Before McGowan's second bid for parole in 1993 brought up difficult feelings for the D'Alessandros, "it was like I had a sister who was an angel in heaven," John recalled of his blissful ignorance.
That event, and his mother's vociferous fight to keep McGowan behind bars, shattered John's naïveté. "It was scary," he said of realizing the gravity of his family's history amid an emotional battle with the State Parole Board.
Rosemarie's staunch resistance to McGowan's potential release moved the still-grieving mother to ensure other families would not have to suffer the same trauma of fearing that their child's attacker would again be among the general population.

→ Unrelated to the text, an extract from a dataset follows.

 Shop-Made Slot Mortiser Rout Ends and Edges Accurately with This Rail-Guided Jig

In 1997, she successfully lobbied for the passage of what came to be known as Joan's Law, which repealed parole eligibility for any detainees convicted of sexually assaulting or killing a child under age 14. The next year, federal lawmakers passed a similar rule.
McGowan remained grandfathered into his sentence and was never subject to the new rule. Yet he never benefited from the carve-out and died in 2021 while serving a life sentence at South Woods State Prison, four years before he would have been up for parole yet again.

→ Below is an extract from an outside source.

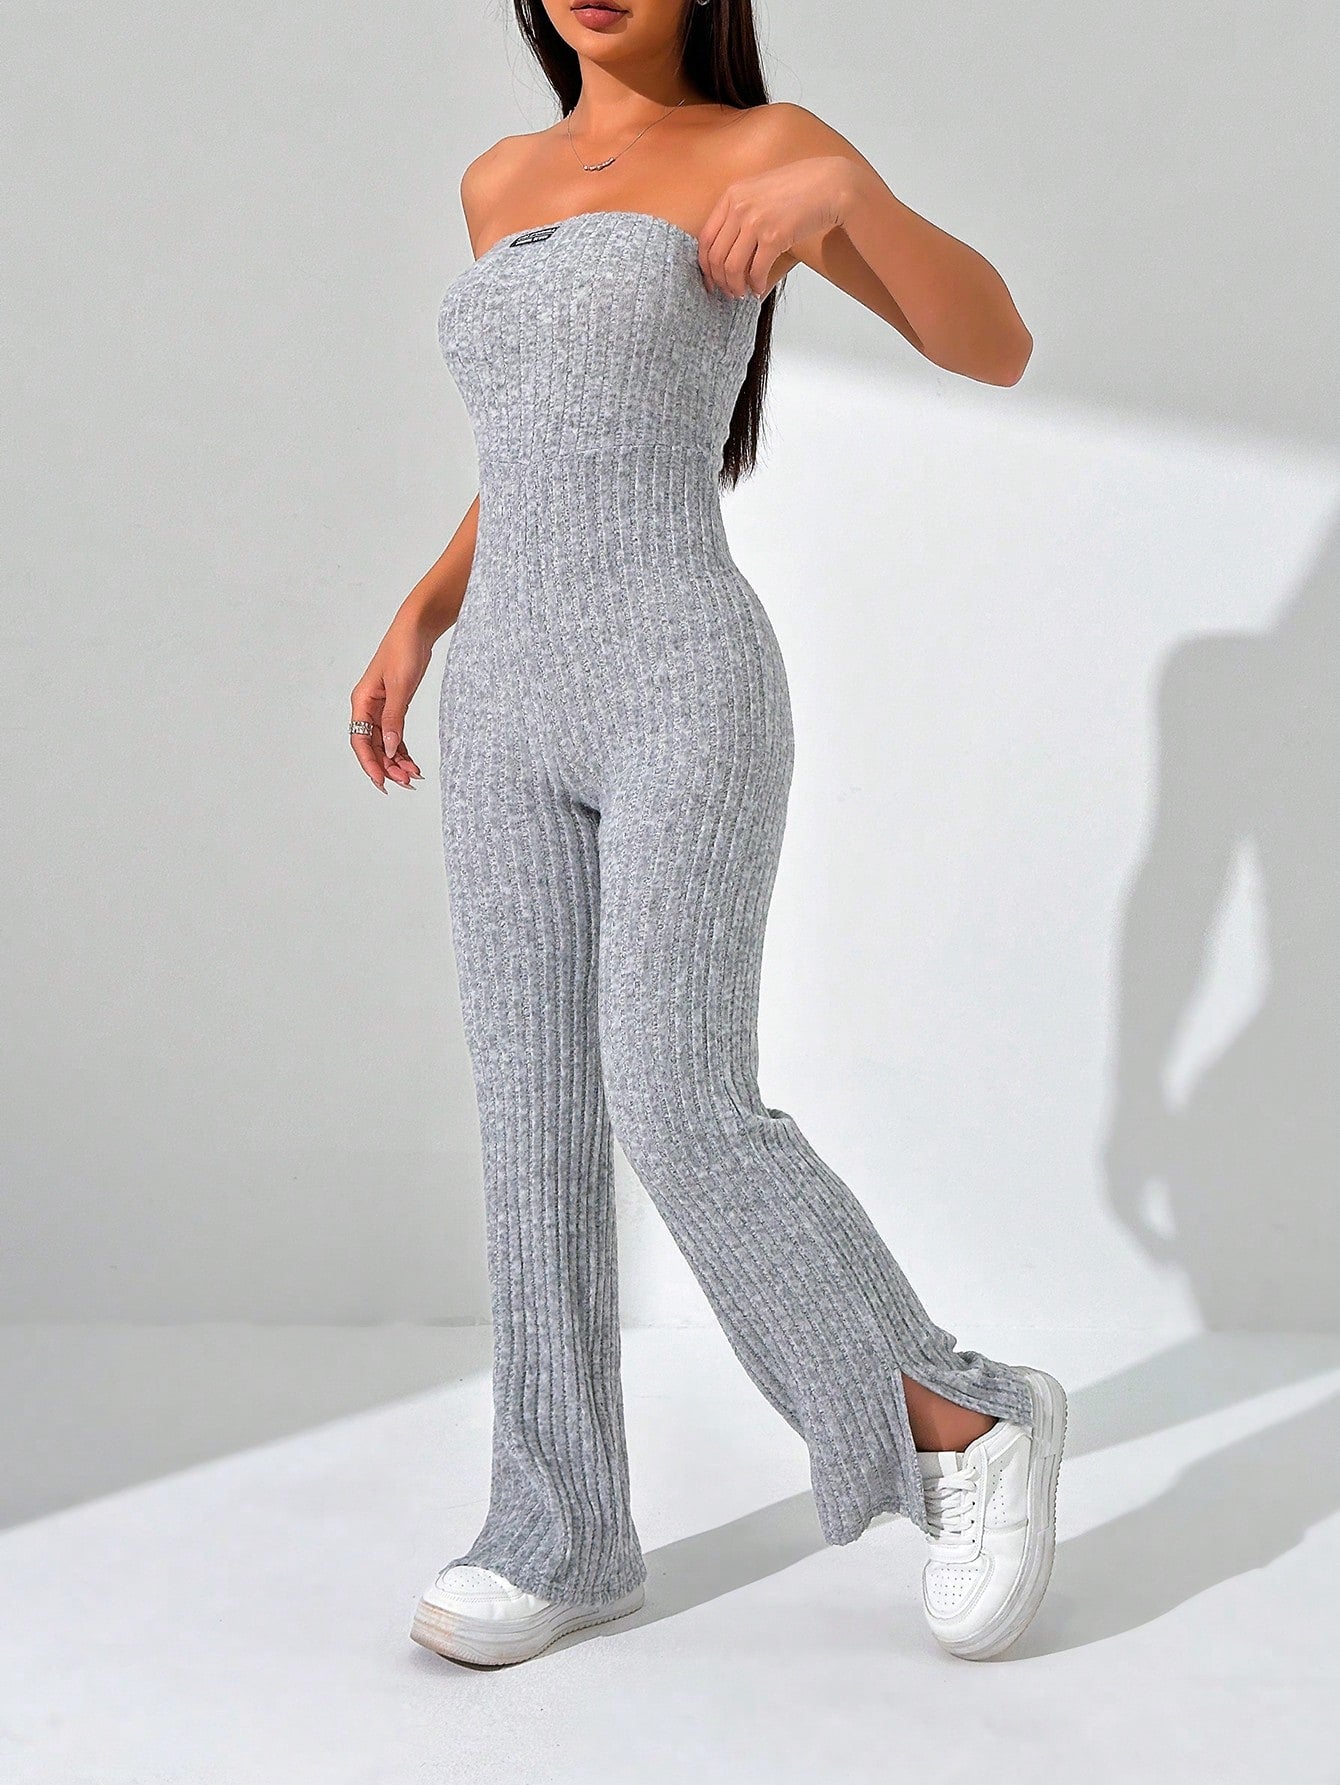 Women's Letter Print Jumpsuit With Plaid And Ribbed Details

"It's like a different phase," John said of the 50th-anniversary event, now that McGowan is gone and the focus can return to Joan's life, however brief. "It's less urgent," he added, and about "appreciation."
"She was a leader," said Olivia Galgano, who taught Joan's ballet class and five decades later can still vividly recall the waifish girl. "Often, I would say we have to line up and she would run to be first."
Not in a pushy or self-important way, Galgano reflected, but wanting to be at the forefront of it all.
Mere months after McGowan's death, the Bergen County Prosecutor's Office cut the ribbon on "Rosemarie's Room," a new extension to the office's Child Advocacy Center in Paramus, where law enforcement, medical and mental health professionals can tackle allegations of child abuse.
Jason Love, then the chief detective of the office, described the expansion as a "safe place for our children to whisper their secrets."
It was allegedly the whisper of a secret that was McGowan's undoing.
As Tobin continued to recount the investigation into Joan's death Wednesday at the Hillsdale train station, he said that as investigators grilled McGowan for the second time, probing his involvement in the savage killing, their suspect continued to deny any part in what occurred.
As their scrutiny grew closer to the truth, he did not request an attorney, but a priest, Tobin said.
Offering him the same privilege as they would someone in a confession booth, the detectives stepped out while McGowan spoke with the cleric. On his way out of the interrogation room, Tobin said, the priest turned to the officers and told them, "Fellas, keep questioning him."
Rosemarie details her fight to keep Joan's memory alive in a soon-to-be-released book, "The Message of Light Amid Letters of Darkness." Proceeds from the book's sale will benefit the Joan Angela D’Alessandro Foundation, which advocates for child victims of abuse.